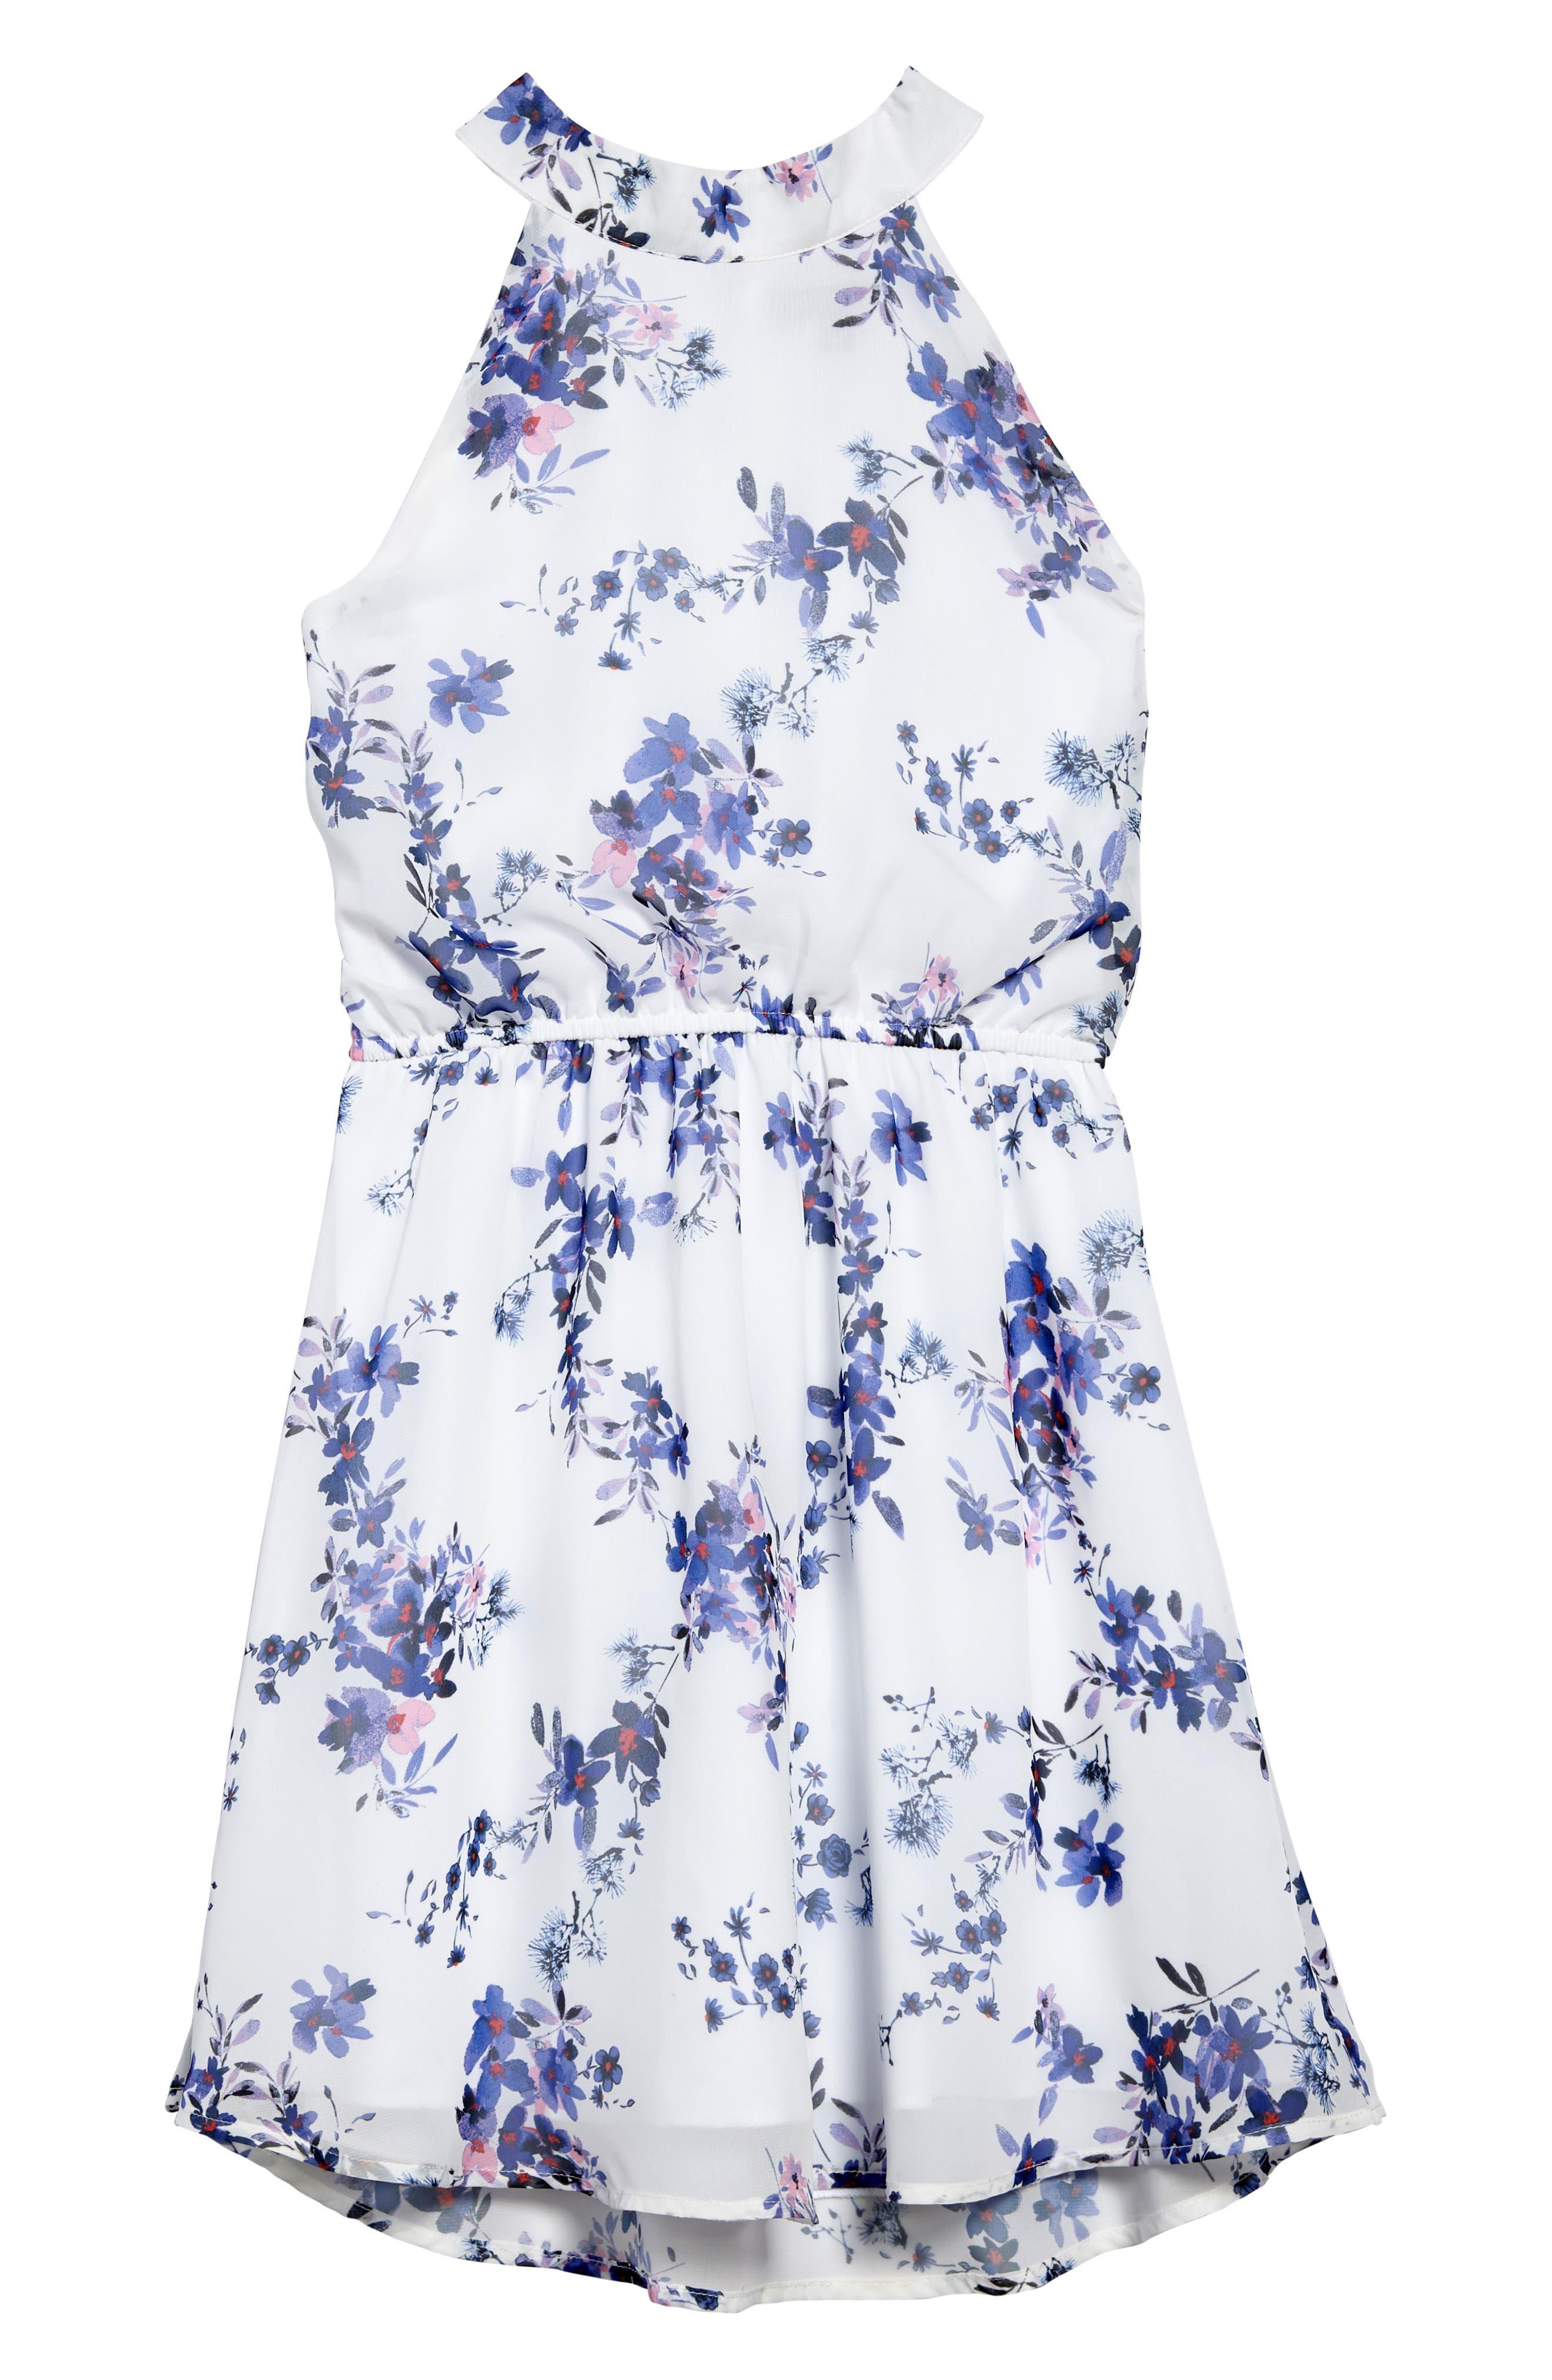 Main Image - Ava & Yelly Floral Mock Neck Dress (Big Girls)
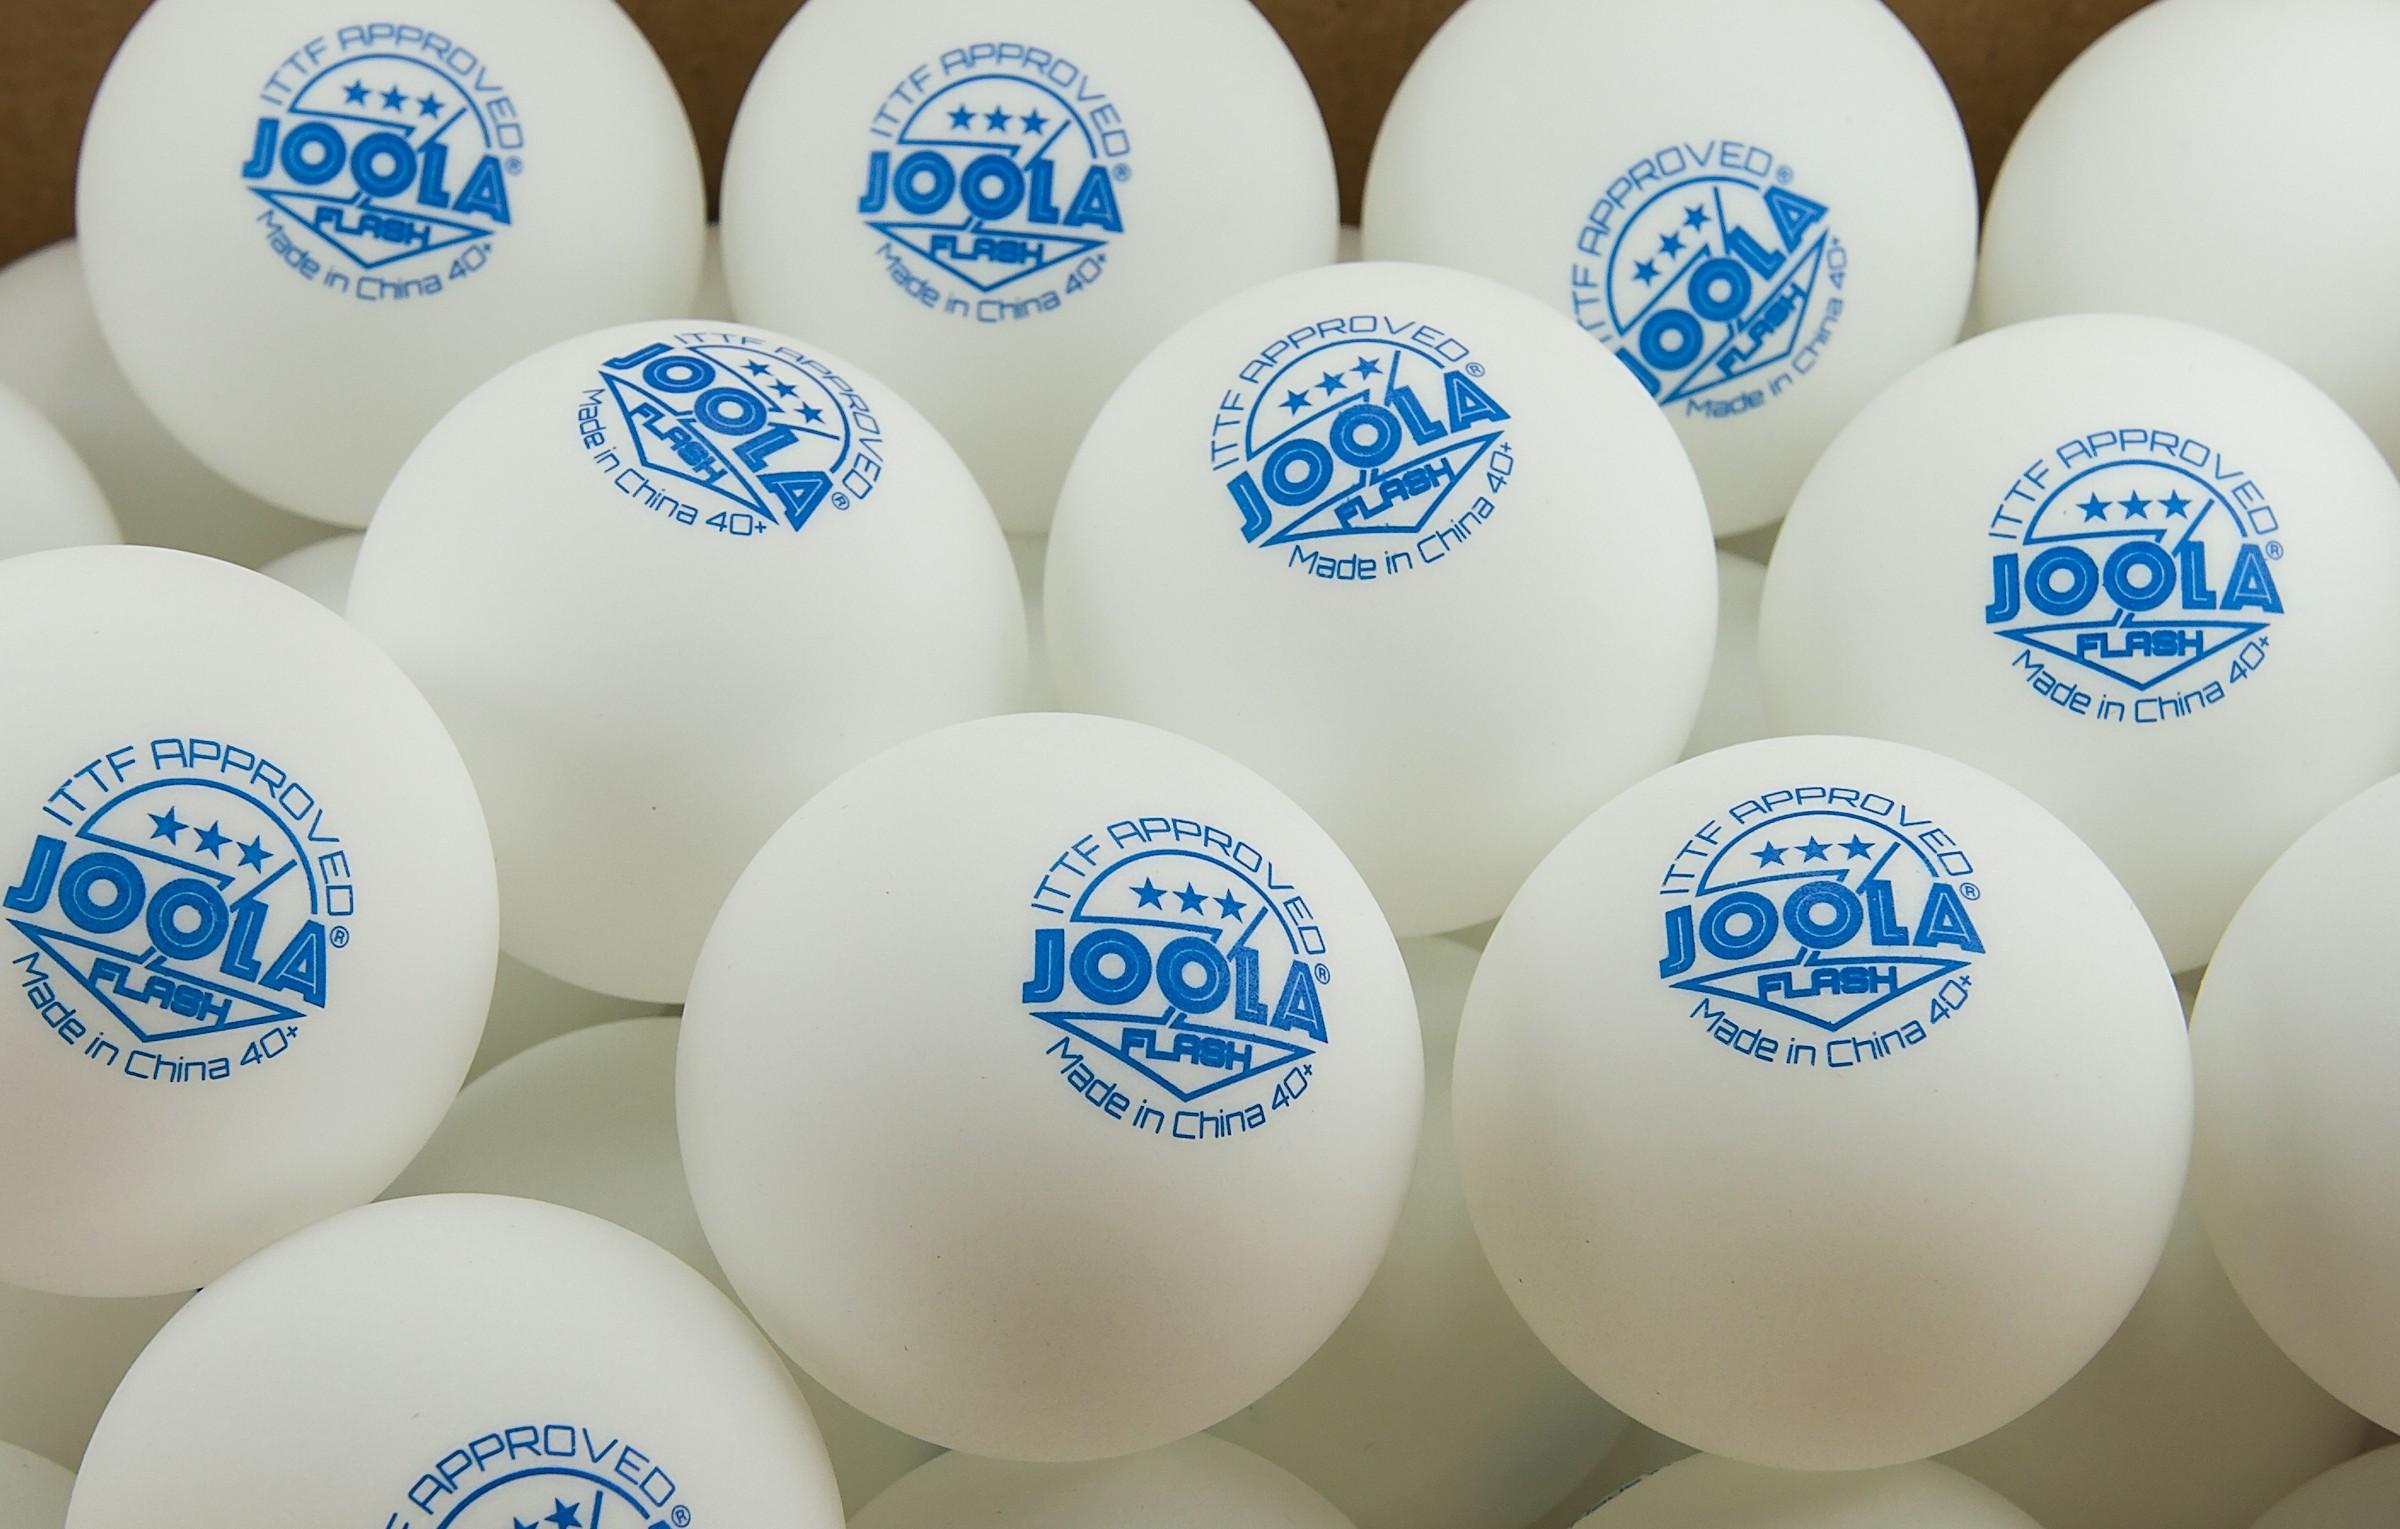 Joola Flash 40+ 3-Star Table Tennis Ball Review
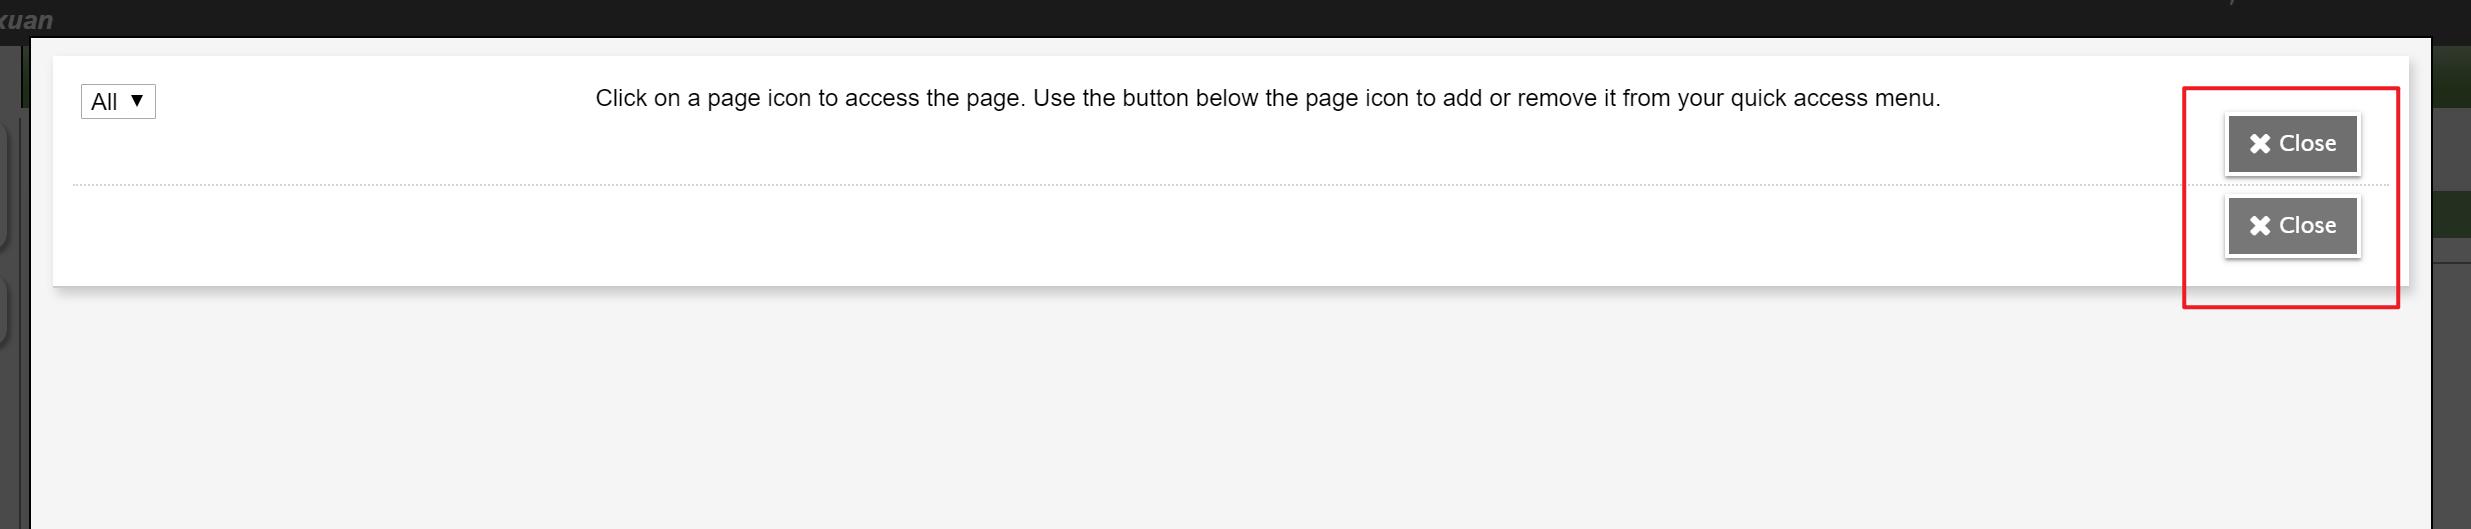 Redundant close button

- WORK ORDER -
Everything above should be given again exactly, apart from the pictures.

- EXERCISE RESPONSE -
 Main Image - Ava & Yelly Floral Mock Neck Dress (Big Girls)
 Joola Flash 40+ 3-Star Table Tennis Ball Review
 Redundant close button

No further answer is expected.